According to the report, based on findings derived from this baseline study, it is apparent that the We Have Rights Too! Project must address issues at multiple levels of society in order to fully support and protect the SRHR of WLHIV. The following are some of the recommendations excerpted from the report:

  • Trainings and counselling provided through the We Have Rights Too! Project should deliver information on how to access relevant organisations and legal networks in the community. Yet given the weak system of redress that was evidenced, WLHIV should be trained in political advocacy to be able to enact changes in policy and programmes available to them at the community and district level. This could potentially be achieved through building the capacity of WLHIV to engage in and initiate public debates, district and community campaigns, meetings, and participatory radio campaigns (PRCs).
  • The SRHR promoters should be trained to provide counselling, referrals, and follow-ups to WLHIV in the community. In addition, these community SRHR promoters should be intensively trained to advocate for: changes in the health care system to reduce the level of violations WLHIV are facing by HCW; increased legal, economic and social support for WLHIV seeking redress for SRHR violations; and effective implementation of anti-discriminatory laws and policies intended to protect their rights.
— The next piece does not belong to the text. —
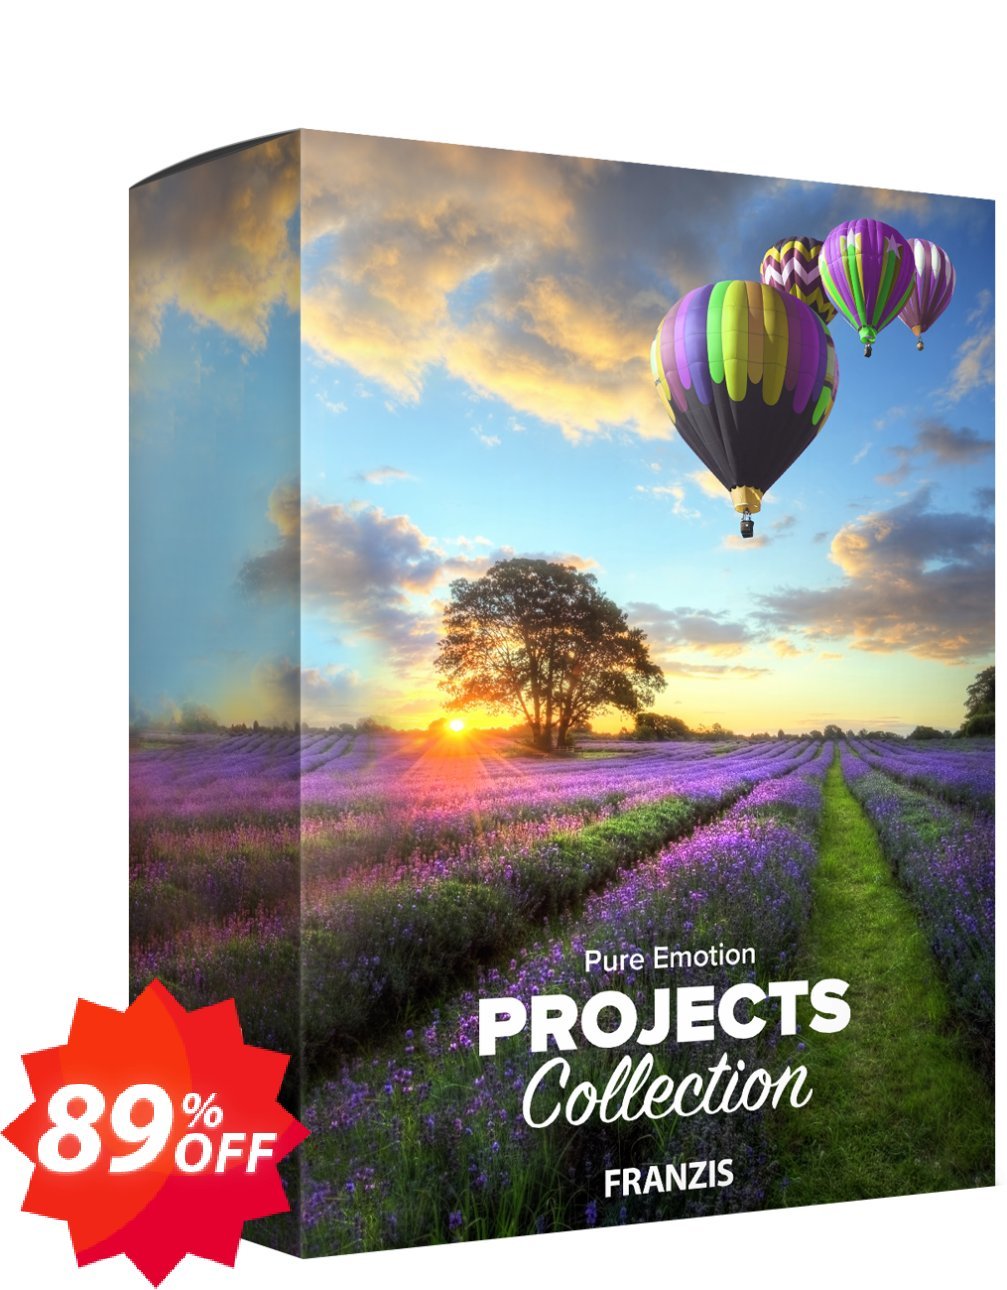 Pure Emotion Projects Collection Coupon code 89% discount

  • The project will need to collaborate with key health officials in order to begin addressing issues that were reported by women regarding SRHR violations in health facilities. Initially, meetings should be held with the District Health Officers, District HIV and AIDS Coordinator, Sexual and Reproductive Health Coordinators to begin developing a plan to work with HCW in reducing barriers to access, overcoming resource limitations and knowledge gaps in the delivery of adequate and appropriate SRH advice and services for WLHIV.
  • The project will need to work with traditional leaders in order to address issues in which WLHIV are being denied access to subsidised farm inputs, food-for-work, cash-for work, and loan programmes as well as being subjected to cultural violations. In Nkhotakota, a special effort to collaborate with religious leaders is warranted given the identification of their role in denying women access to ARVs, family planning methods, and HIV testing. Sensitisation meetings may serve as a starting point to addressing these issues.
  • Rather than duplicating the activities of organisations already in place, the We Have Rights Too! Project should work with them to strengthen their activities in the project’s target areas, build referral networks between the organisations and WLHIV and educate women on how to access these institutions once we have successfully worked to strengthen them.

The report concludes that currently WLHIV face multiple levels of discrimination as HIV/AIDS-related stigma and discrimination compounds with pre-existing forms, including those based on gender, class, and ethnicity. This serves to further perpetuate their socioeconomic disadvantages. It is essential that the We Have Rights Too! Project works towards leading a concerted effort in ensuring WLHIV will be able to realise their SRH needs and aspirations in a manner that is free from coercion, discrimination, and violence. To achieve this goal, this project must commit to tackling the range of factors driving the persistence of SRHR violations and galvanise the political will needed to make certain SRHR of WLHIV becomes a focal concern among community members, traditional and community leaders, health care workers, police, and health and government officials.